This invention relates generally to thin film electronic imager devices and more particularly to address line structures contained in devices such as solid state radiation imagers having a matrix of electrically conductive address lines for controlling the active components of the device.
Address lines for conducting electrical signals to and from active components in a display or imager device are formed as integral parts of the structure of solid state imagers. These address lines usually form a matrix, with lines running in one direction designated as scan lines and lines disposed in a substantially perpendicular direction designated as data lines. Electrical signals (e.g. the voltage) on a scan line typically control a switching device, such as a field effect transistor (FET, also referred to as a thin film transistor, or TFT), that in turn couples the active component, such as a photosensor, to the data line so that an electrical signal from the photosensor can be read out. A common electrode is disposed over the photosensor array to provide the common contact for each photosensor pixel in the array. The electrical signal that is read out corresponds to the number of detected photons incident on the array, and the signals from the respective photosensors are used to electronically reproduce an image of the photons detected by the array of photosensors.
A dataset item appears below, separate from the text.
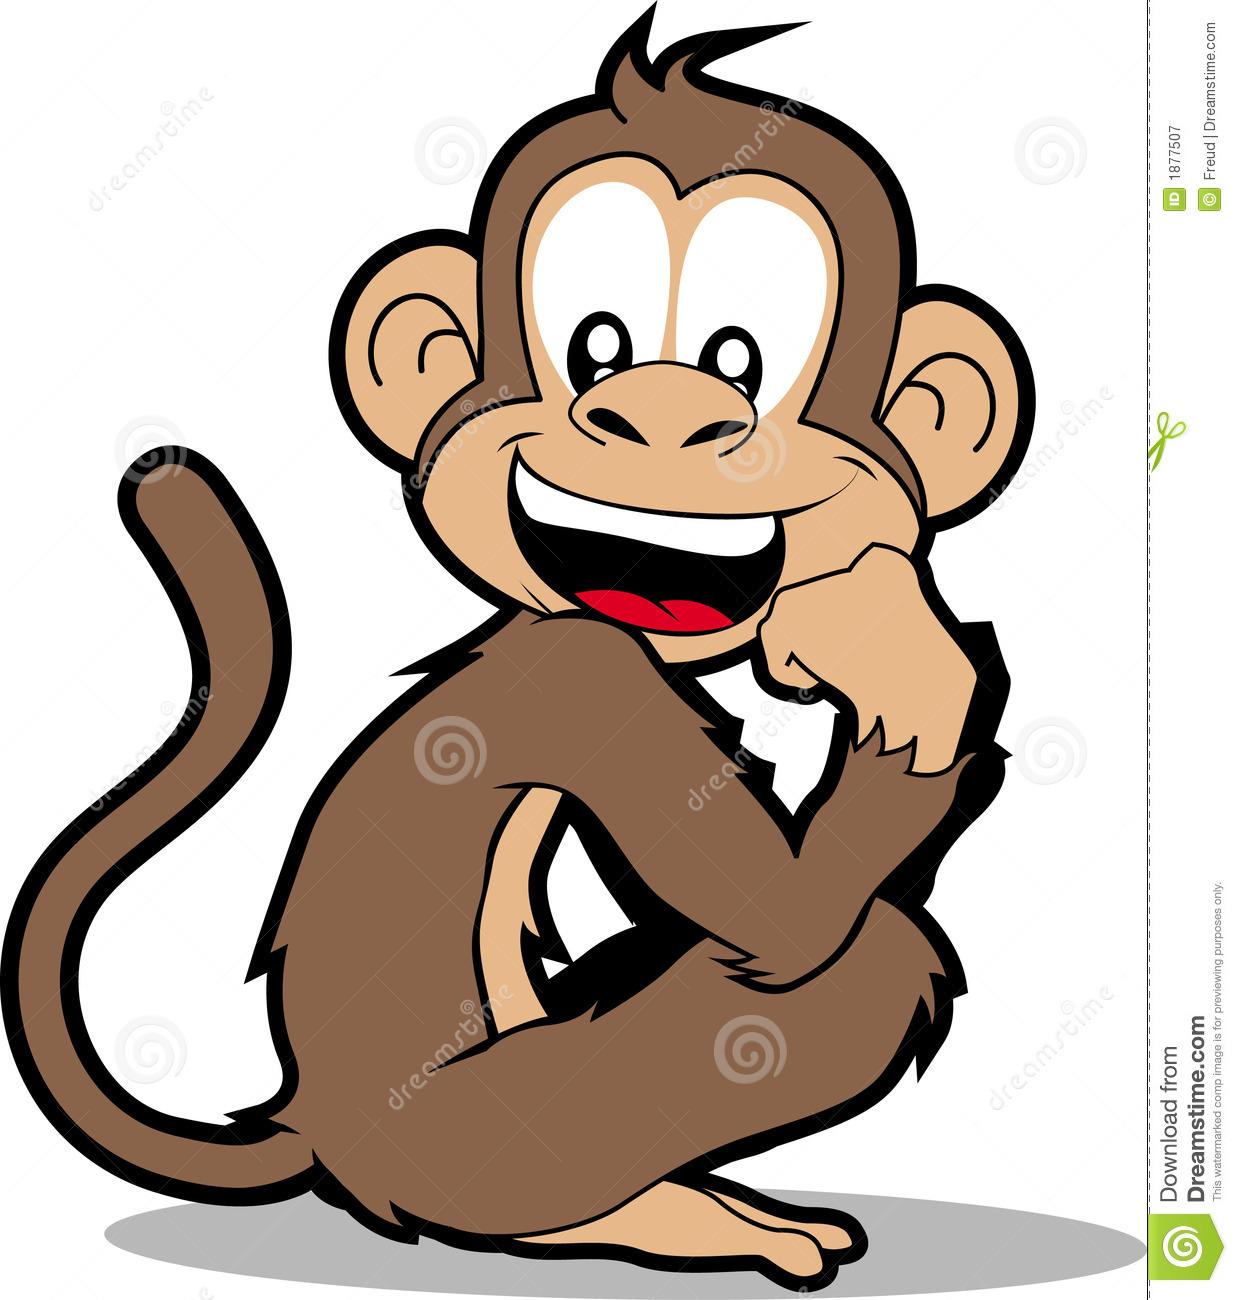 Monkey Stock Illustrations.

A defect on a data line can adversely affect overall performance of the thin film imager device. This situation is particularly of concern in imagers in which the data lines have intentionally been severed in the middle of the array in order to reduce noise levels. In this arrangement, it is necessary to be able to read the data lines from each side (or edge) of the array, and an open circuit condition effectively disables all pixels connected to the address line from the point where the open circuit exists to the middle of the array where the data line was intentionally severed. Some degradation of the number of operative pixels can be tolerated with appropriate software changes in the read out circuits, but an imager having sufficient defective address lines may have to be discarded, especially if its intended use is for medical imaging in which minimal line defects are of particular importance in providing high quality imaging.
Given the expense of fabricating thin film electronic imager devices, it is desirable to have devices that are repairable. In particular, it is desirable to have a device that is readily repaired without significant additional processing time during fabrication. It is further desirable that the repair process for data lines that have an open circuit defect be such so as to not significantly increase the amount of electronic noise on the conductive line, which requires that the repair process not cause significant physical damage to the conductive material of the address line repaired, or leave residue on its surface.